Zeno came up behind the prince-in-exile. ‘Hell of a sight, isn’t it.’

‘It’s a complete mess. How can you make any sense out of this? You might as well stand behind the wheel of an ice schooner and invite half your crew to scream directions at you while the rest leap up and down tossing maps and charts in your direction.’

Zeno tapped the side of his head, smiling knowingly. ‘These days, there’s a little bit of me in every human – the droid inside. Not inside your Amish friends, of course. They don’t do implants. But the crew of the
Gravity Rose
have them. Without a computer implanted inside your skull, you can’t possibly cope with this much information. We might as well let the ship’s AI, granny, push out on autopilot, retire to our cabin for the duration and sip cocktails for the rest of the voyage. Some crews do that. Not the clever ones, though, remember that. Lazy out here ain’t that much different from dead.’

Calder shivered in dread.
Is that apprehension mine, or residual memories from rubbing shoulders with the Amish for so long
? To have an organic computer nestled alongside your brain like a leech, the machine’s creepers sucking nourishment from your blood, sending you information when you summoned it, filtering this headache of information overload into some semblance of sense. ‘I’m not so sure.’

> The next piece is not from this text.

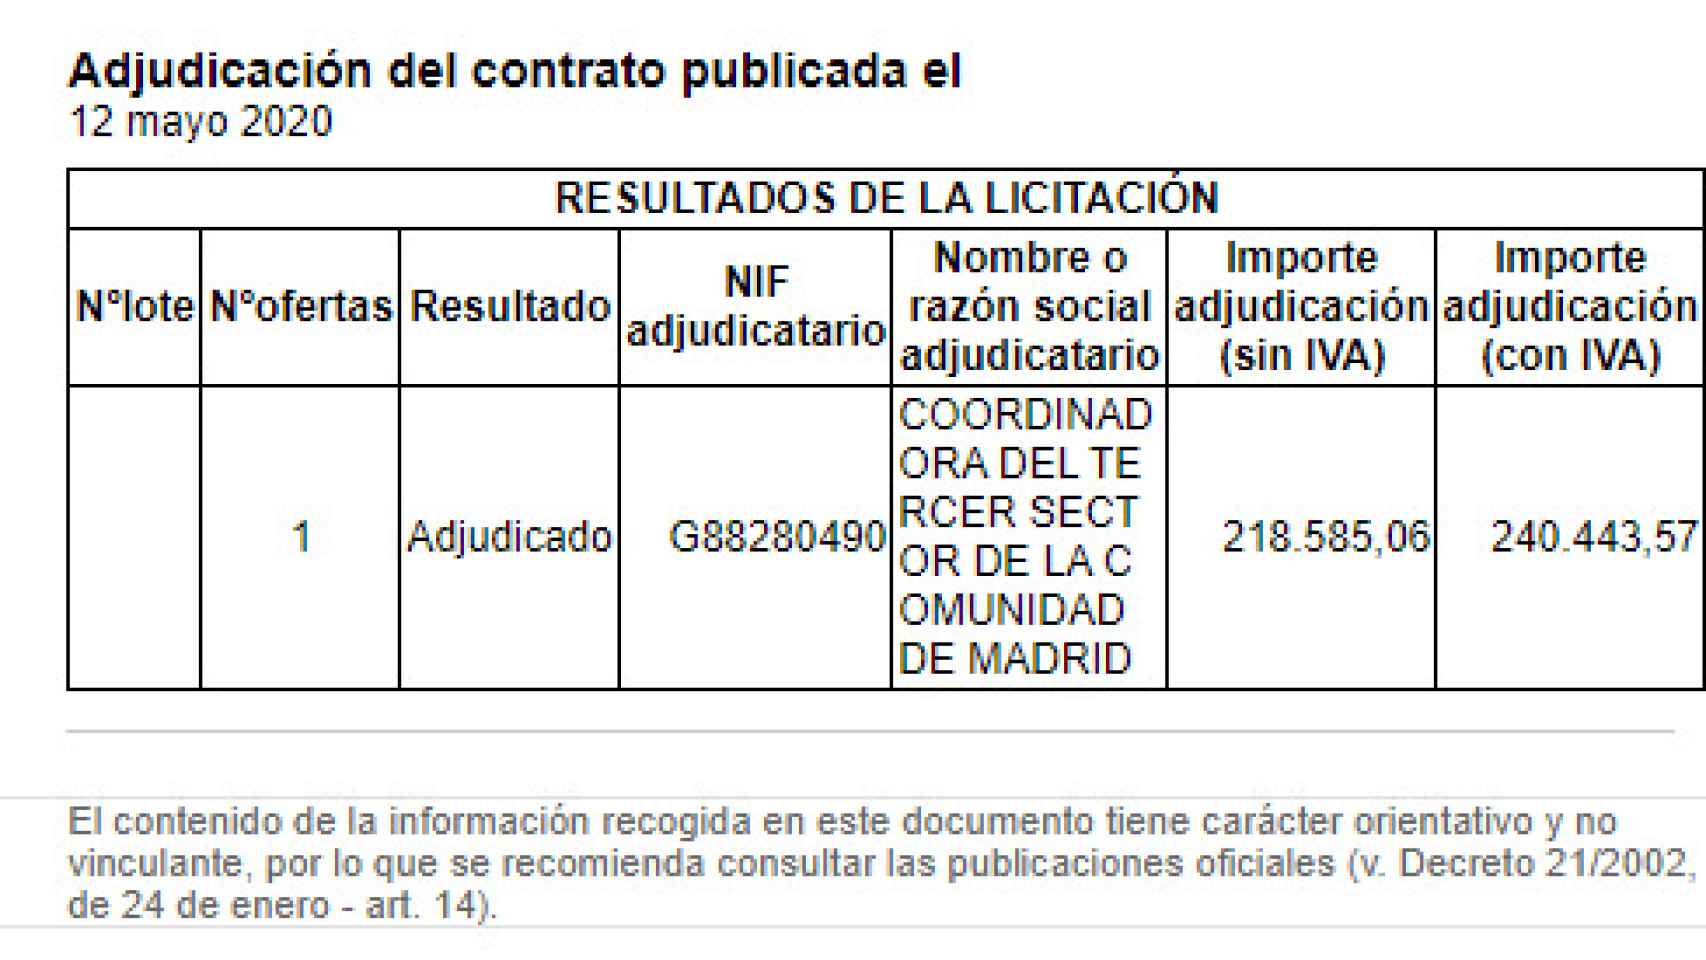 Captura de la adjudicación publicada en el Portal de Contratación de la Comunidad de Madrid.

‘Personally speaking,’ smiled Zeno, ‘I’d say that the droid inside is what makes you human, these days, if that ain’t a contradiction. A little bit of logic and analysis to cool those animal passions. You’ll need an implant, too, if you’re to work on board. Time comes, maybe you’ll even want it.’

‘I can’t imagine that.’

‘Try experiencing it viscerally, first, in the pilot episode of
Hell Fleet
. Then tell me you don’t want it.’

‘Do you need an implant to handle this?’

‘Man, when it comes to this, I am an implant. To me, what you see here is slow motion. This dance can speed up; if the ship’s threatened, for instance. But you fleshy types can’t cope with too much hypervelocity decision-making, not without being seriously genetically modified. And then you don’t appear so human anymore.’

‘Does the
Gravity Rose
get threatened often? I thought she was a merchantman, not a warship?’

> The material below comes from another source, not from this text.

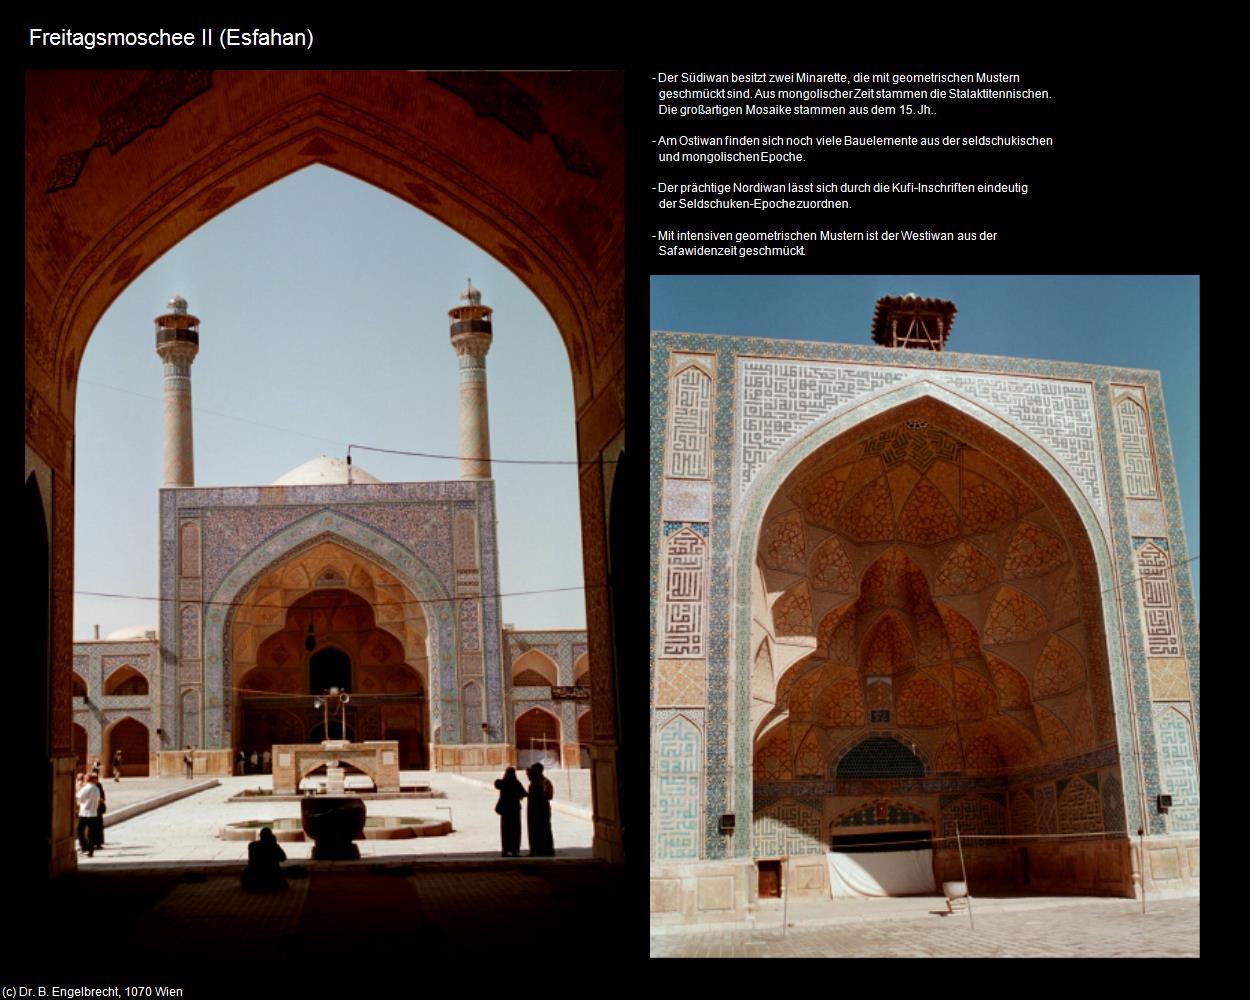 Freitagsmoschee II (Esfahan) in Iran

‘More than you’d think. Any jump-capable starship is worth a fortune, even today. These babies aren’t like ground cars, one sitting in every citizen’s garage. And to pay for a cargo to be transported between worlds is no small thing – a load’s got to be seriously valuable to someone, somewhere. You rub those two economic laws together, and there’s no shortage of pirates, privateers, hijackers, criminals and corrupt governments looking to steal, jack, kill or impound our ass and take everything we have. For crew, it’s like travelling with a million dollars stuffed inside our trousers.’

‘If the ship is worth so much, why doesn’t the captain just sell the vessel and retire to a life of luxury?’

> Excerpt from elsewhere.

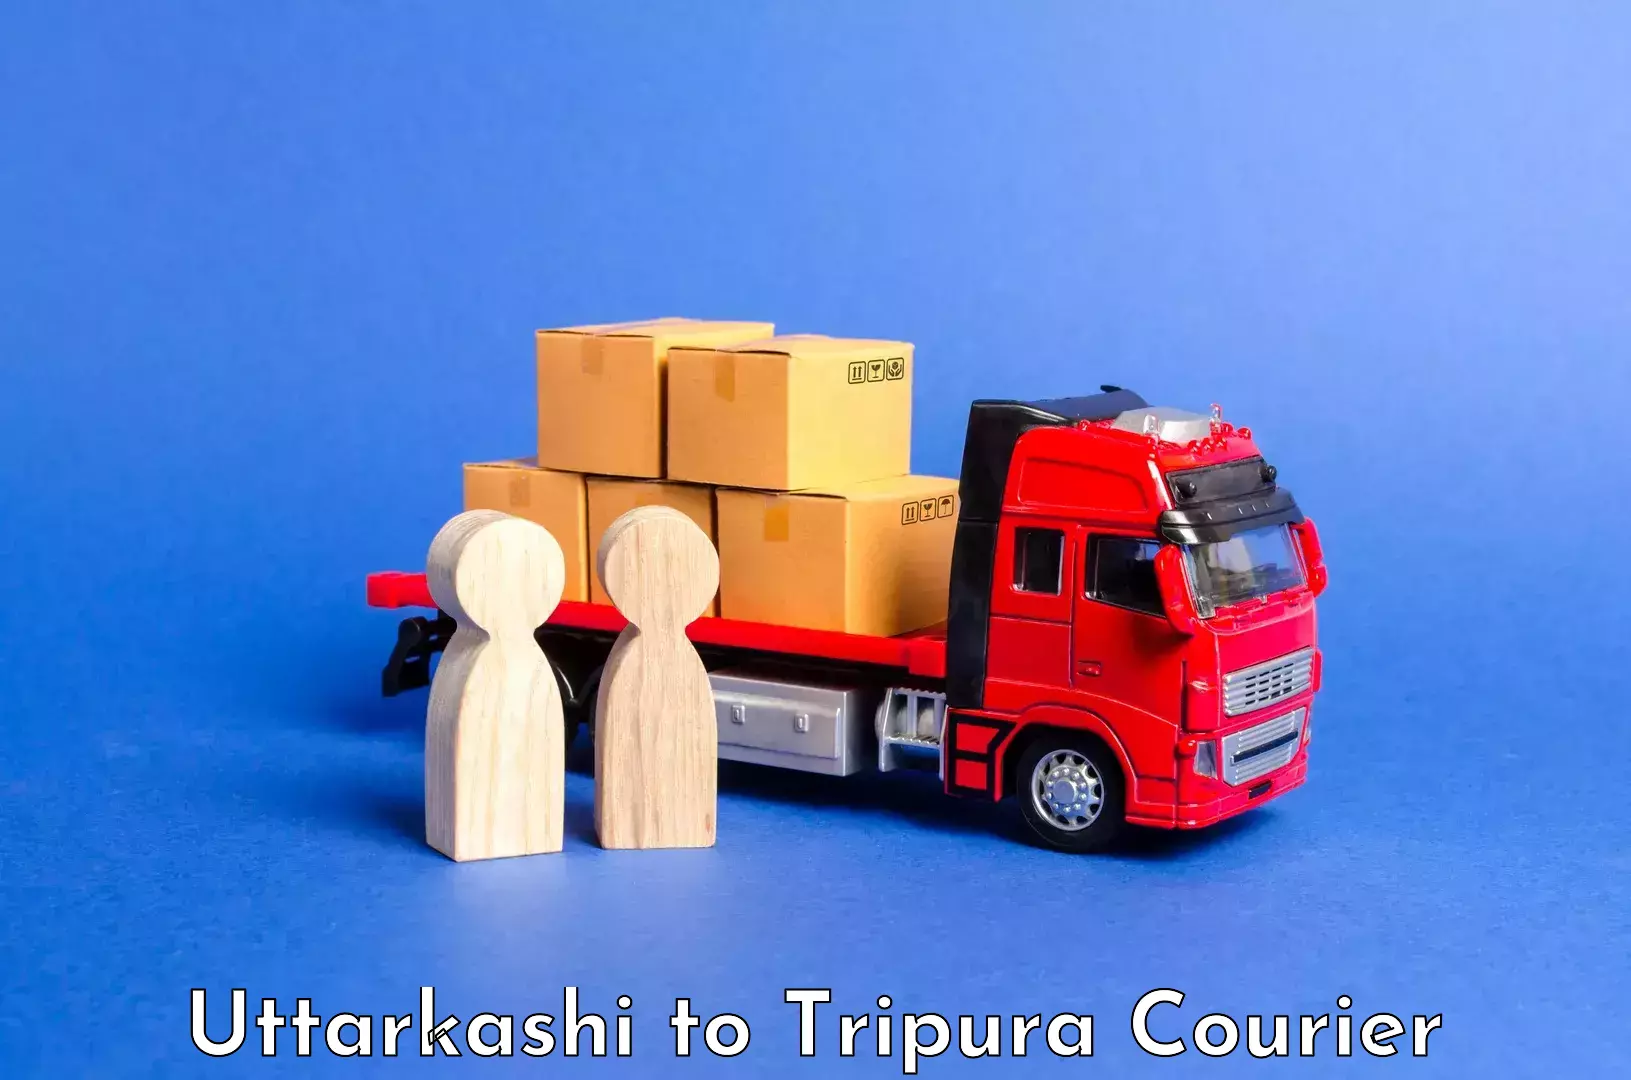 Luggage transport company Uttarkashi to Amarpur

‘I guess Lana likes moving about too much for that. Besides, the
Gravity Rose
has been passed down through her family. The ship is like a family member to the skipper. Only one she’s still got, as it happens. That makes us her cousins or some such. Every ship you’d want to serve on is like that. We’re more than brothers in arms – or tentacles and claws – and you wouldn’t sell your grandmother, would you?’